One advantage this recipe has over GNU sort is that it is predictable. On Linux Fedora Core 3 GNU sort does some funny and annoying things because of the default locale settings. I prefer to use predictable pure python rather than checking and setting environment variables in sort's calling shell.

Nicolas Lehuen (author) 13 years, 2 months ago  # | flag

As someone asked me, you can numerically sort a file containing an integer per line with this command :

python sort.py -k "int(line)" test.txt output.txt

Maybe I should add a -K my_custom_key.py option that would load the given script and use the function it contains to compute the key ? This would enable anyone to use this sort with complicated key extraction functions, which is pretty much the point of this script, since for simple keys GNU sort will be much faster.

anatoly techtonik 13 years ago  # | flag

Performance is still not as critical as an ability to sort really big files with system limits for maximum opened files.
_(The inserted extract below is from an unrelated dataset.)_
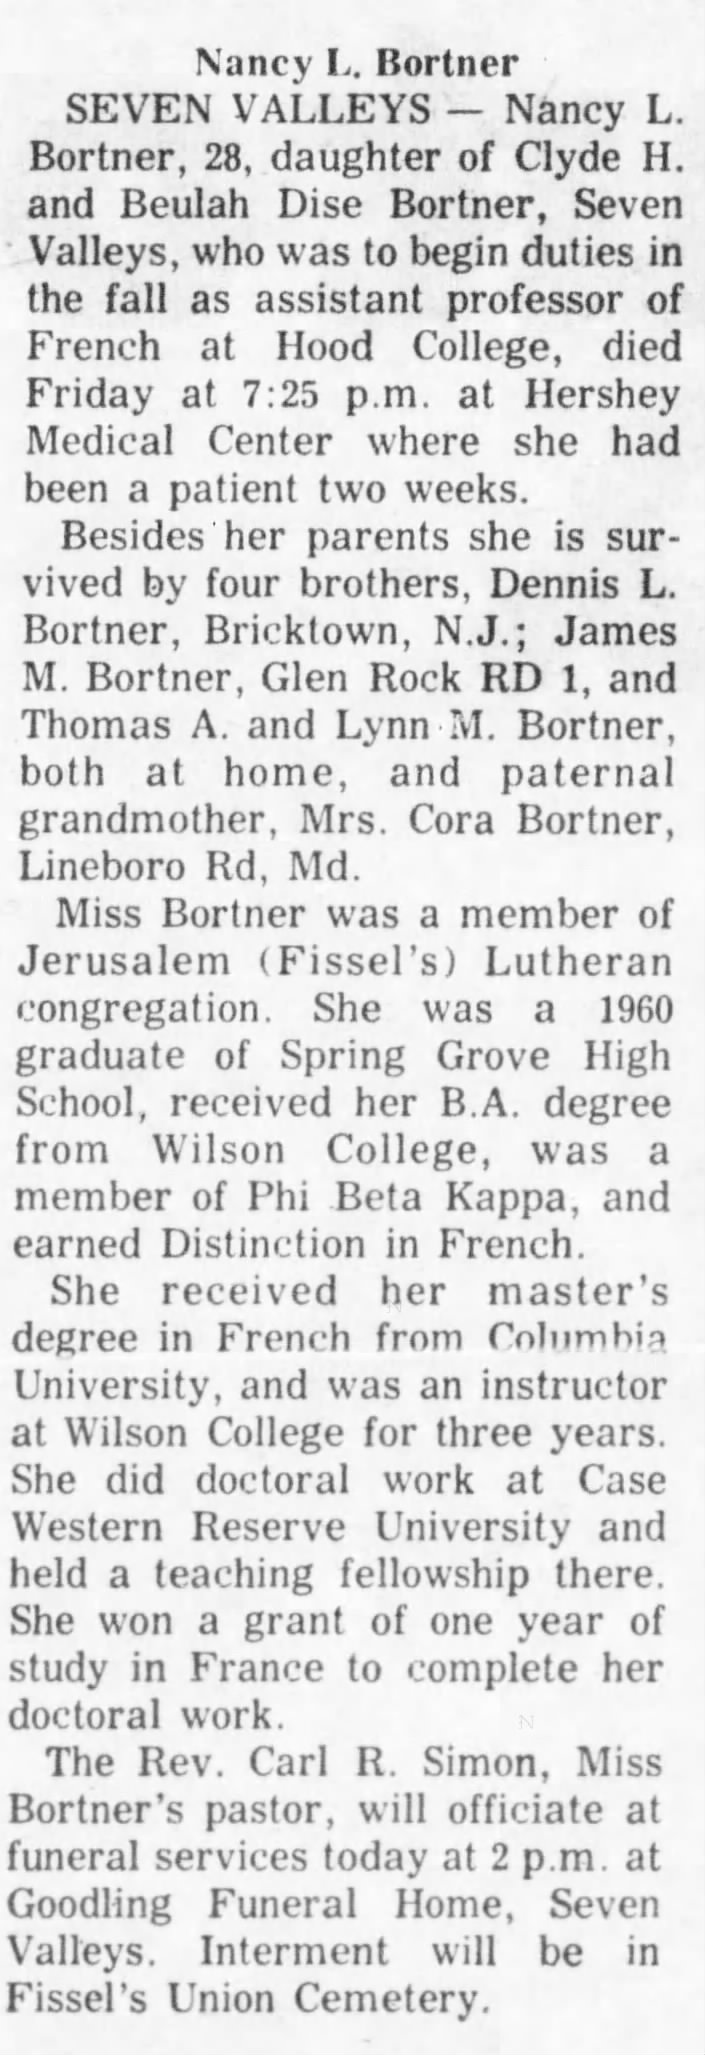 Nancy L. Bortner obituary
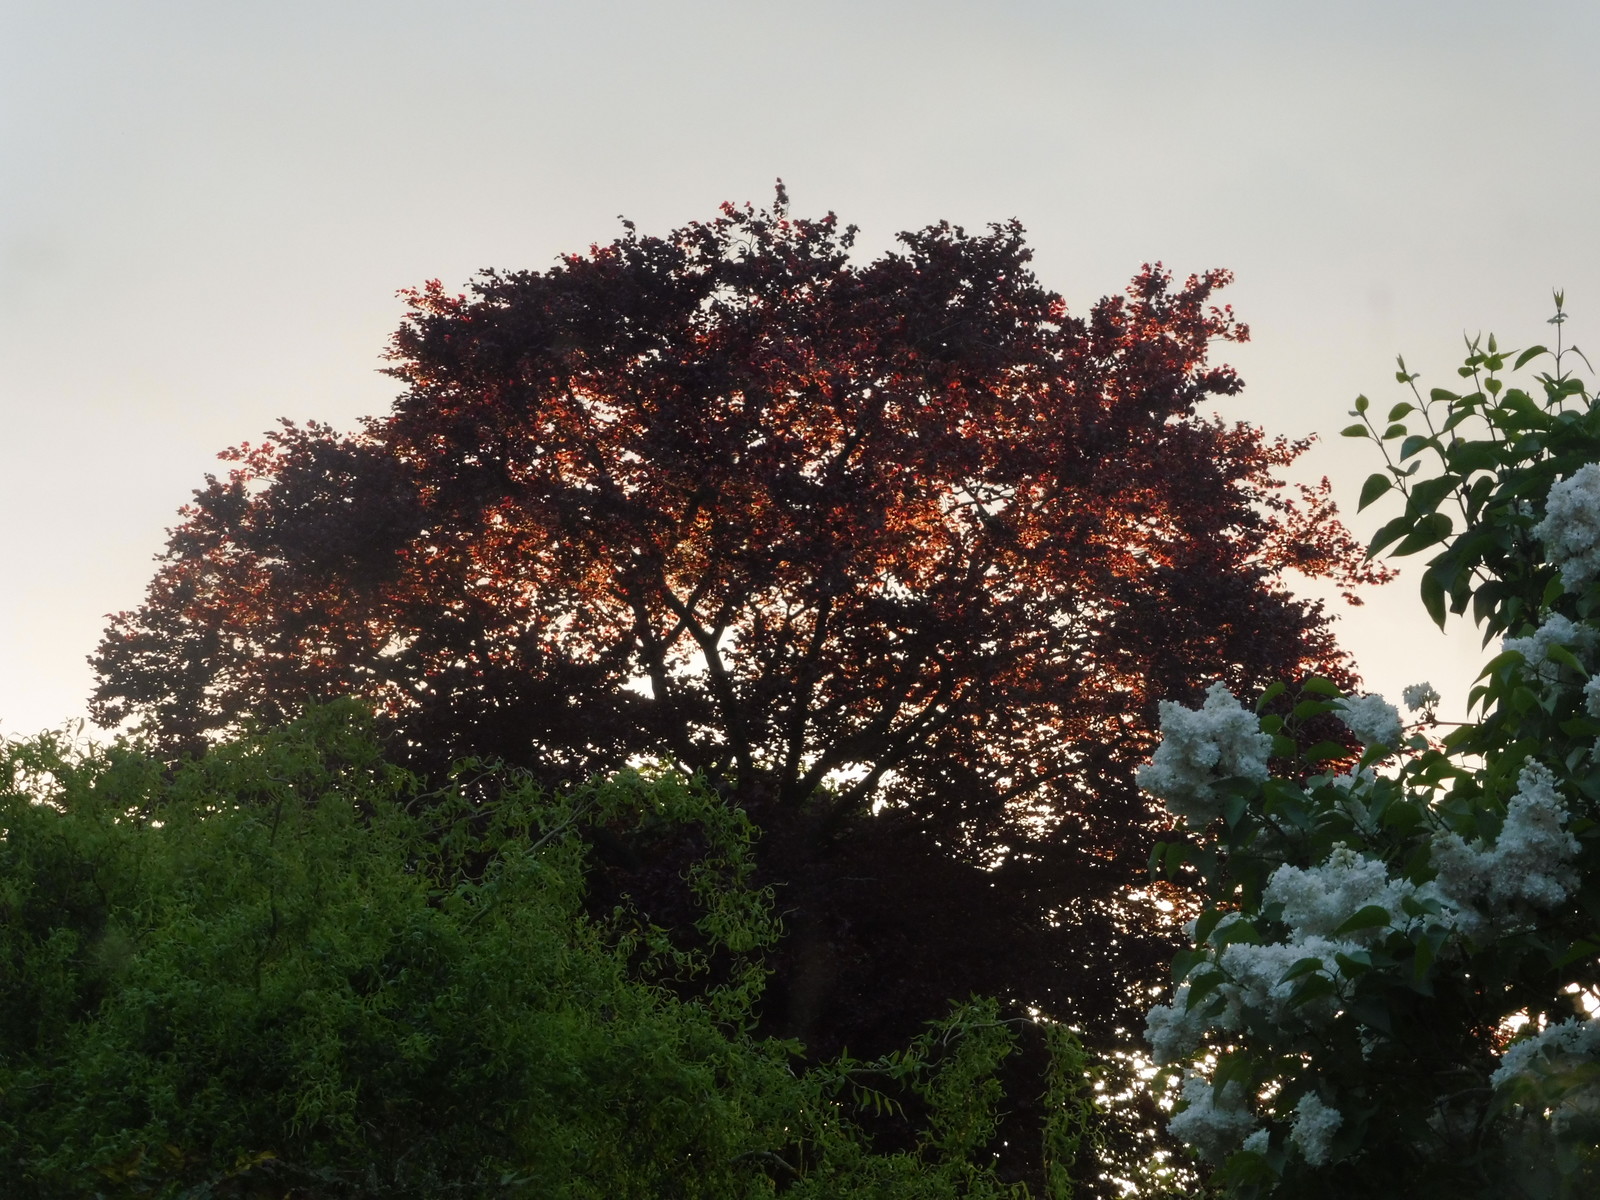 Sunlit Beech Tree

Maximum file size that can be sorted on windows platform with 512 maxfiles limit and default buffer of 32000 lines, each 100 characters on average, is 512*32000*100 = 1562.5Mb

I've compiled a spreadsheet to find out maximum possible file size to be sorted (not accounting for filesystem limits) https://spreadsheets.google.com/ccc?key=p7lZ2JoyePLYmKlds2oaLdg&hl=en#

32000 lines buffer weight about 3.2Mb for each chunk given 100 characters-wide strings. Total memory consumed in this case is 32000*100 + 512*64*1024 = 35Mb

There are many options how to balance buffer size. I would keep it at maximum, but it is not clear how efficient is sort() both in speed and memory with large buffers. Having 512 chunks all over the disk will probably involve too many disk seeks and make caching inefficient. We can increase buffer to a reasonable amount to keep chunk number small. For 1562.5Mb file buffer increase to 64000 lines (6.4Mb) results in drop in handles to 256, but also in total memory usage from 35Mb to just 22Mb. In general for files under 4Gb buffer size of 128000 lines (100 chars each, that is about 12Mb) is optimal (an approximate calculation). For files greater that 6Gb buffer should be increased to avoid depletion of file descriptors.
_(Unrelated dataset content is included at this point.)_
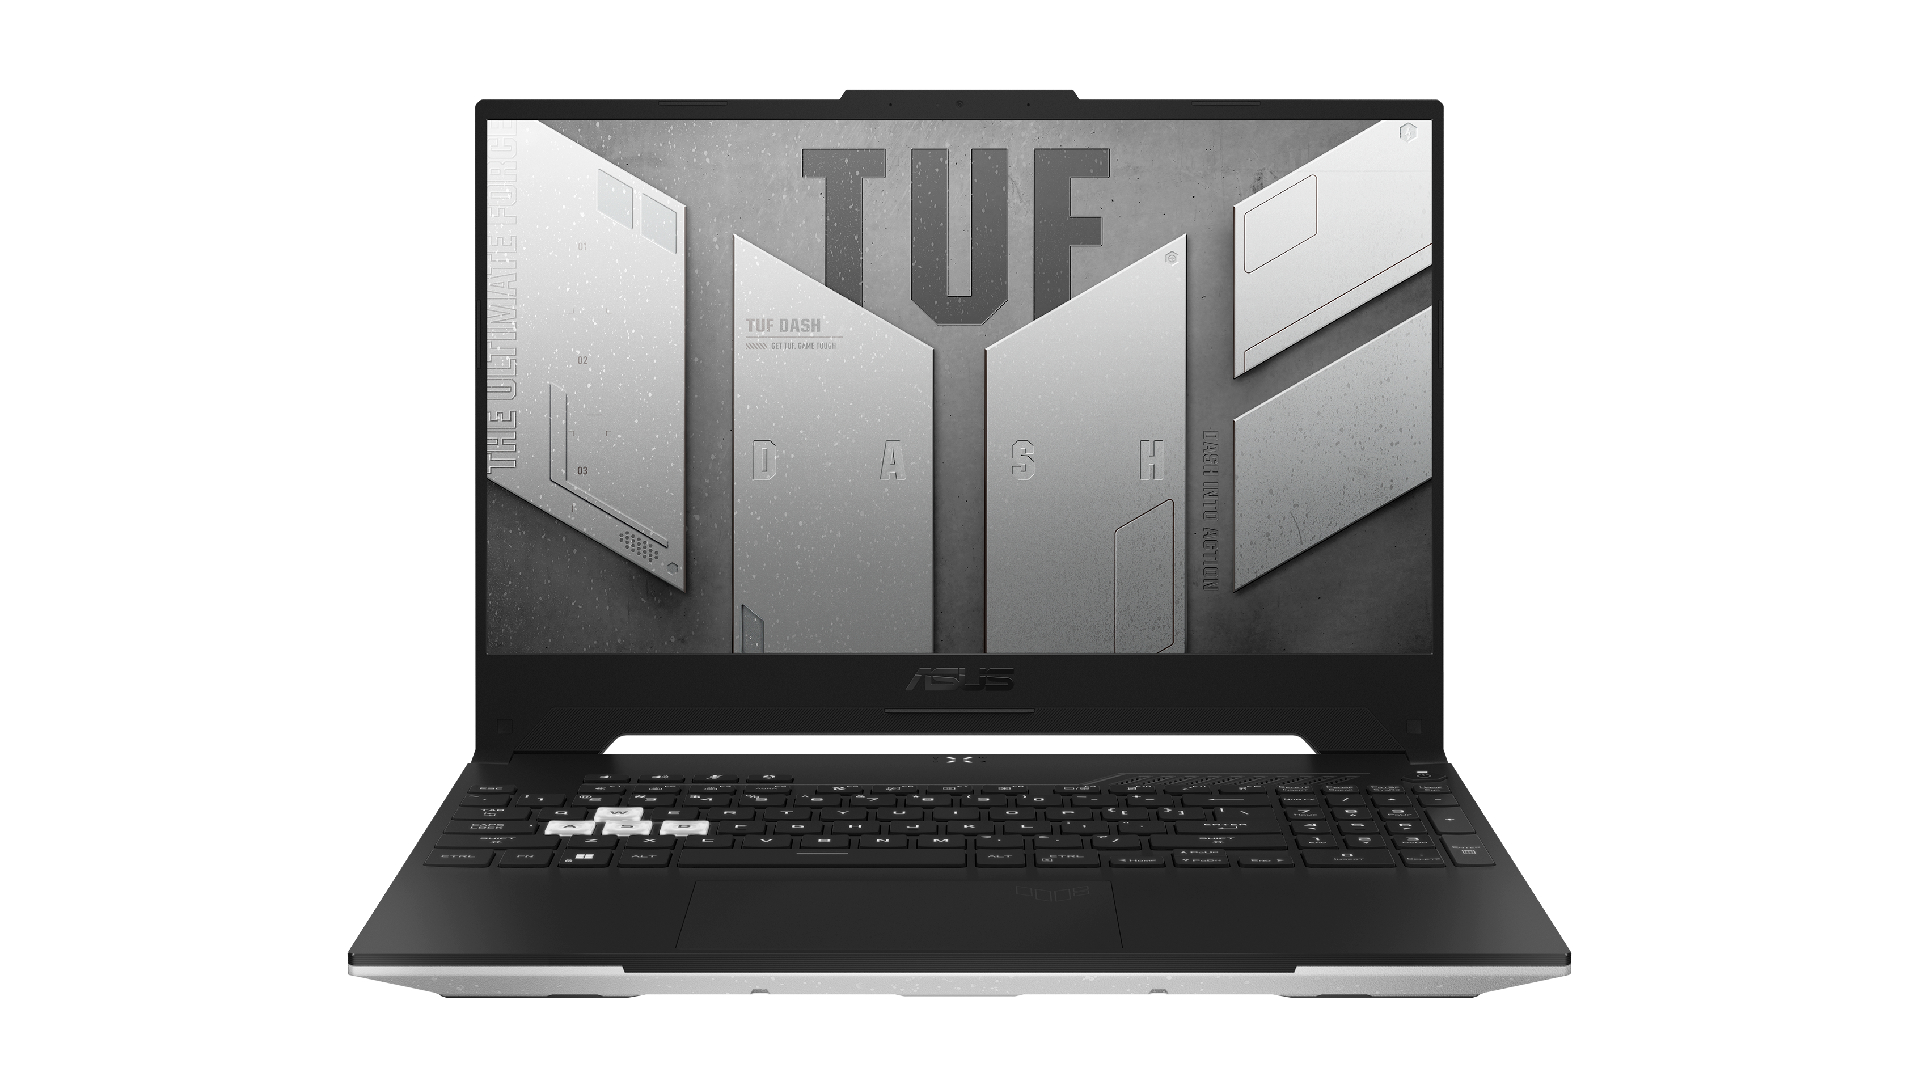 ASUS TUF Dash 15 gaming laptop, white background

Another question is the memory usage and effectiveness of heapq module. If I remember correctly heapq module in Python 2.5 doesn't use accelerated _heapq C implementation even though the latter is accessible through the import.

Gabriel Genellina 12 years, 6 months ago  # | flag

Recipe 576755 is just a rewrite of this one for Python 2.6, taking advantage of heapq.merge, context managers, and other niceties of newer Python versions.